Activity :: Restate only the tail of the data below, starting at the line that contains "Titel: Grundprobleme der Fremdfinanzierung" and including the last line, word for word.

______

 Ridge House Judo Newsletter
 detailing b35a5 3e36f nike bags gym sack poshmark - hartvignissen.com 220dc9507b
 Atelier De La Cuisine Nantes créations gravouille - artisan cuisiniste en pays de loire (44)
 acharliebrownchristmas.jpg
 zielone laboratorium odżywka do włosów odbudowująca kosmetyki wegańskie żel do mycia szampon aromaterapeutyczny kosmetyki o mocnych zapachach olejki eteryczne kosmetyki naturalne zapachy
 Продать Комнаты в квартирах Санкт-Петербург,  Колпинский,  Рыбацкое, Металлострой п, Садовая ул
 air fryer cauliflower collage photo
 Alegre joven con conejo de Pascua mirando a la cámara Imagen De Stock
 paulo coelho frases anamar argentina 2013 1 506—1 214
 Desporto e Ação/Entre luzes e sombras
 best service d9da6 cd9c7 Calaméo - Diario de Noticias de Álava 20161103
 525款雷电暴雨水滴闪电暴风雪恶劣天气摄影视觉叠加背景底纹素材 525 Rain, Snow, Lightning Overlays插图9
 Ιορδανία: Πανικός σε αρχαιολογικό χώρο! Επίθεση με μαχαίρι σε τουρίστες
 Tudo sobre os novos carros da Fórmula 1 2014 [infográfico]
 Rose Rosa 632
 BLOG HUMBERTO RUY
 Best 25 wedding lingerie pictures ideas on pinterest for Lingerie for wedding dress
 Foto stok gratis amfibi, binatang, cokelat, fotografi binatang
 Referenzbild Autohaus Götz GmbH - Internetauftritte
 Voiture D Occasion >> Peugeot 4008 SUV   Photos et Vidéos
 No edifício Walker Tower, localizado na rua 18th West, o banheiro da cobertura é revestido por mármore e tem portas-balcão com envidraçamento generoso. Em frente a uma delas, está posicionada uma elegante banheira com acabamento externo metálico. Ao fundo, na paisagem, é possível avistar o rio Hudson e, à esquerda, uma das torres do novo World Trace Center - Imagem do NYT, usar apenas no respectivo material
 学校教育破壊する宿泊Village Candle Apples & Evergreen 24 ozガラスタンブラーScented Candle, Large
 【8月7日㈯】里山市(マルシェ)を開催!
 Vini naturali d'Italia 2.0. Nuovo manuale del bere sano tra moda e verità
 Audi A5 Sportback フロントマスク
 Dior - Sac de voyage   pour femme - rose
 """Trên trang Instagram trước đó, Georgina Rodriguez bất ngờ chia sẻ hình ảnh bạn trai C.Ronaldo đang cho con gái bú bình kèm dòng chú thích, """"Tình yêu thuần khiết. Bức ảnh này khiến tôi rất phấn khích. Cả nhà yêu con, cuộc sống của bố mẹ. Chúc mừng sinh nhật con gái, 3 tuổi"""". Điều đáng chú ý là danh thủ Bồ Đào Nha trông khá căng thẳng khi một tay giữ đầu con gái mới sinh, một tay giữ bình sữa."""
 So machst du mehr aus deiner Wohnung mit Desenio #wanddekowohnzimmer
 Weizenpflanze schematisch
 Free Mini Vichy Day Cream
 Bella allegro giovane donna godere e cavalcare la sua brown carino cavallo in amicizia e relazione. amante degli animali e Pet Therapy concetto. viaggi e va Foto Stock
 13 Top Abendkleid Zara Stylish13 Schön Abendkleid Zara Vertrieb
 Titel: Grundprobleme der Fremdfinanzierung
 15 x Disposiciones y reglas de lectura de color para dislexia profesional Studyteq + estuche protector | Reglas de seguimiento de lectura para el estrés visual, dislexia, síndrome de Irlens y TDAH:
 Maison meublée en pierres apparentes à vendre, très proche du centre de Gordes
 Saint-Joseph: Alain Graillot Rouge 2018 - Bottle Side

______

Reply to the exercise ::
 Titel: Grundprobleme der Fremdfinanzierung
 15 x Disposiciones y reglas de lectura de color para dislexia profesional Studyteq + estuche protector | Reglas de seguimiento de lectura para el estrés visual, dislexia, síndrome de Irlens y TDAH:
 Maison meublée en pierres apparentes à vendre, très proche du centre de Gordes
 Saint-Joseph: Alain Graillot Rouge 2018 - Bottle Side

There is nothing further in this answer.